By admin on March 20, 2014
Colorado became the 48th state to require many professionals to report abuse and exploitation of adults 70 years and older. Senate Bill 13-111, to be codified at C.R.S. § 18-6.5-108, becomes effective on July 1, 2014. Mandatory reporters are required to report elder abuse and exploitation to law enforcement within 24 hours. Failure to report can result in a Class 3 misdemeanor. Except for the perpetrator, anyone who makes a good-faith report is immune from liability for damages in any civil action or criminal prosecution.
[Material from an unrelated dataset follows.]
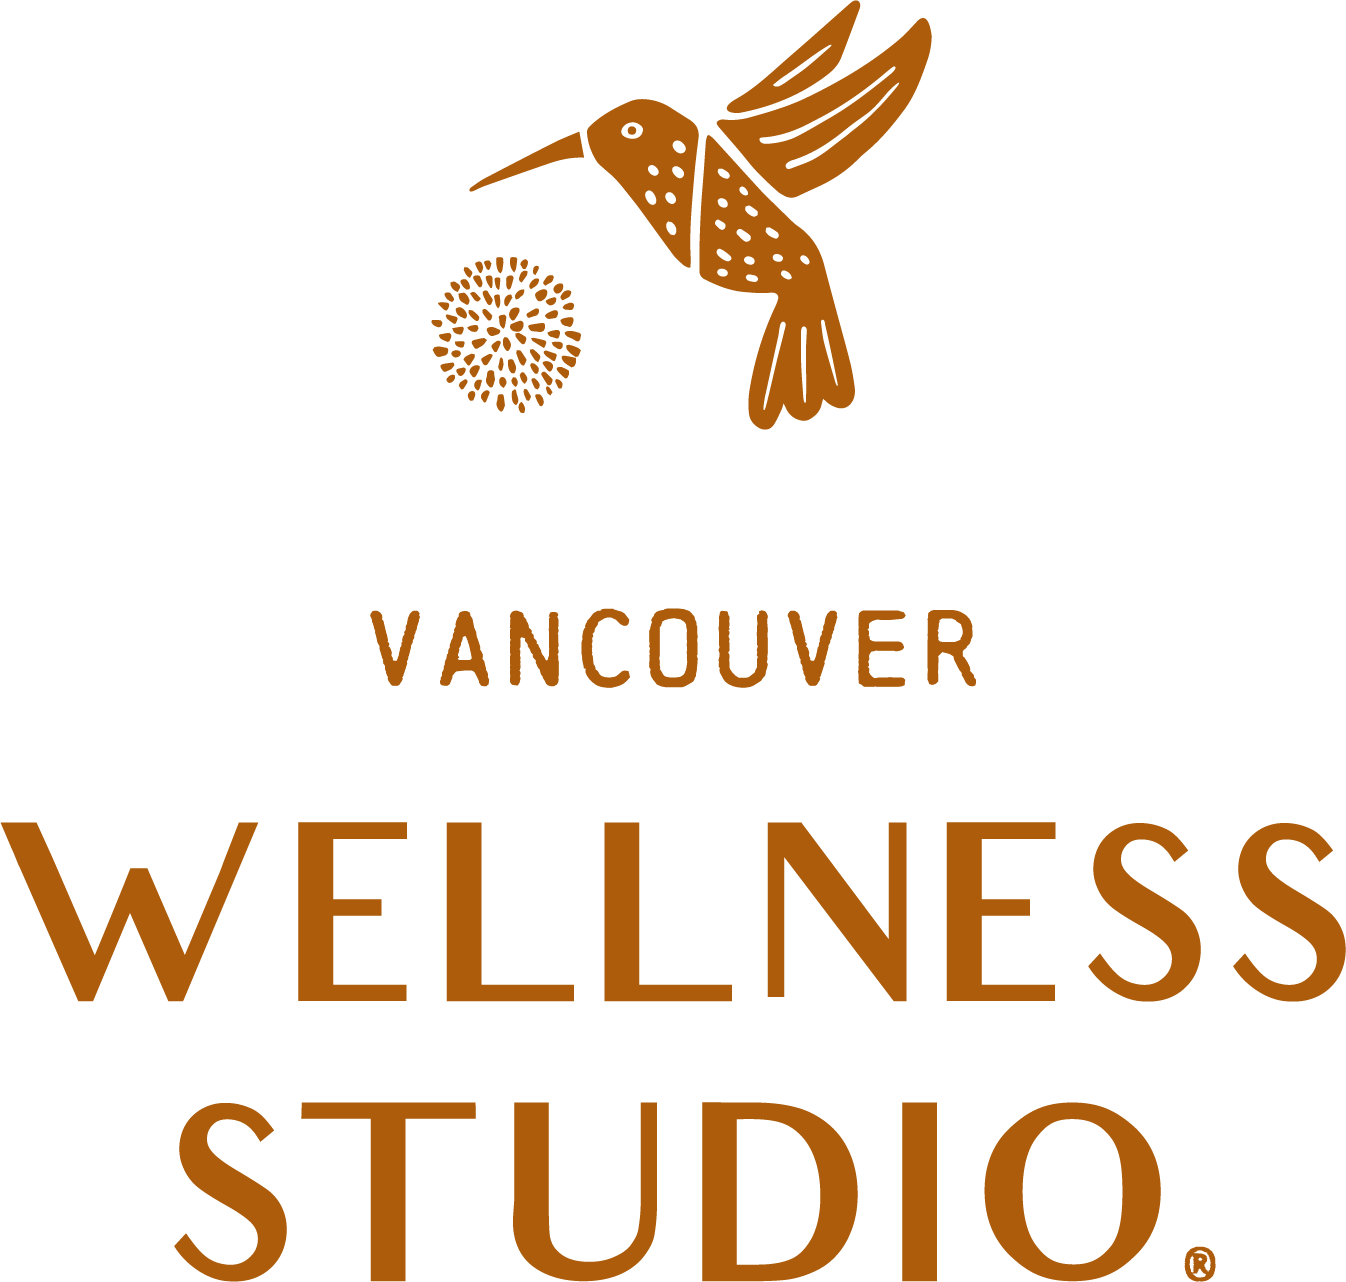 Vancouver Wellness Studio
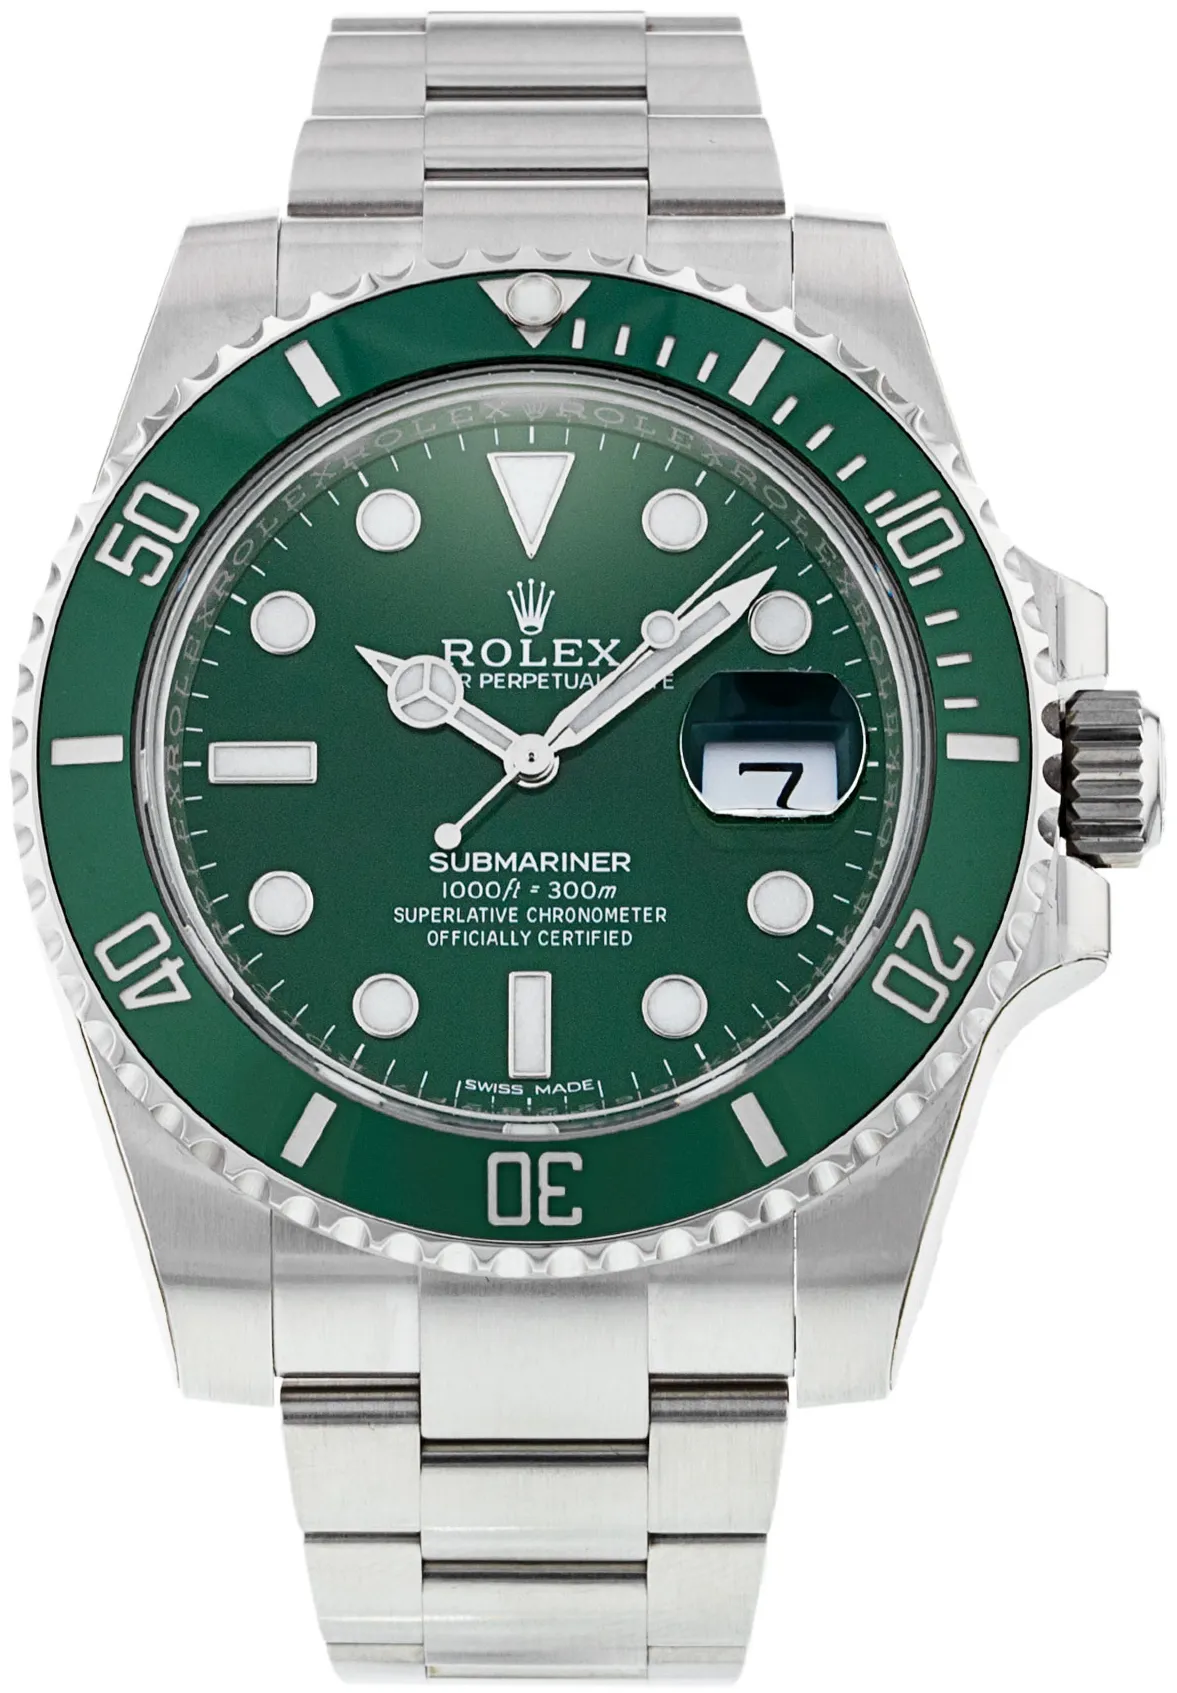 Rolex Submariner 116610LV 40mm Stainless steel Green

Who are the mandatory reporters?
The following professionals, whether paid or unpaid, must report abuse and exploitation of adults 70 years and older (referred to as an at-risk elder):
- physicians, surgeons, physicians’ assistants, osteopaths, physicians in training, podiatrists, occupational therapists, and physical therapists;
- medical examiners and coroners;
- registered nurses, licensed practical nurses, and nurse practitioners;
- emergency medical service providers;
- hospital and long-term care facility personnel engaged in the admission, care, or treatment of patients;
- psychologists and other mental health professionals;
- social work practitioners;
- clergy members, unless the information was learned during a privileged communication;
- law enforcement officials and personnel;
- court-appointed guardians and conservators;
- fire protection personnel;
- community-centered board staff;
- personnel of banks, savings and loan associations, credit unions, and other lending or financial institutions;
- a caretaker, staff member, employee of, or a consultant for a licensed or certified care facility, agency, home, or governing board, including but not limited to home health providers; and
- a caretaker, staff member, employee of, or a consultant for a home care placement agency.
When must a report be made?
Mandatory reporters are required to report to law enforcement within 24 hours when the reporter (1) has observed the abuse or exploitation of an adult 70 years or older or (2) has reasonable cause to believe that an adult 70 years or older has been abused or exploited or is at imminent risk of abuse or exploitation.
What should be in a report?
To the extent possible, the following information should be contained in the report:
- name, age, address, and contact information of the at-risk elder;
- name, age, address, and contact information of the reporter;
- name, age, address, and contact information of the at-risk elder’s caretaker, if any;
- name of the alleged perpetrator;
- nature and extent of the at-risk elder’s injury, whether physical or financial, if any;
- nature and extent of the condition that required the report; and
- any other pertinent information.
What is abuse?
The law defines abuse as any of the following acts or omissions:
- the non-accidental infliction of bodily injury, serious, bodily injury or death;
- confinement or restraint that is unreasonable under generally accepted caretaking standards;
- unlawful sexual conduct or contact; and
- caretaker neglect.
What is caretaker neglect?
Caretaker neglect is neglect that occurs when adequate food, clothing, shelter, psychological care, physical care, medical care, or supervision is not provided by a caretaker in a timely manner and with the degree of care that a reasonable person in the same situation would exercise. However, caretaker neglect does not include withholding, withdrawing, or refusing any medication, medical procedure or device, or treatment in accordance with a valid medical directive or order or as described in a palliative plan of care.
What is exploitation?
Exploitation is an act or omission committed by a person who (1) uses deception, harassment, intimidation, or undue influence to permanently deprive an at-risk elder of the use, benefit, or possession of his or her money, assets or property; (2) without legal authority, employs the services of a third party for the profit or advantage of the person or another person to the detriment of the at-risk elder or forces, compels, coerces, or entices an at-risk elder to perform services for the profit or advantage of the person or another person against the will of the at-risk elder; or (3) misuses the property of an at-risk elder in a manner that adversely affects the at-risk elder’s ability to receive health care, health care benefits, or to pay a bill for basic needs or obligations.
Does a mandatory reporter have to make a report if another person already has done so?
A mandatory reporter is not required to report the abuse or exploitation of an at-risk elder if the person knows that another person has already reported the same abuse or exploitation to a law enforcement agency that would have been the basis of the person’s own report.
The Colorado Department of Human Services has posted a list of frequently asked questions that can assist in education and compliance efforts.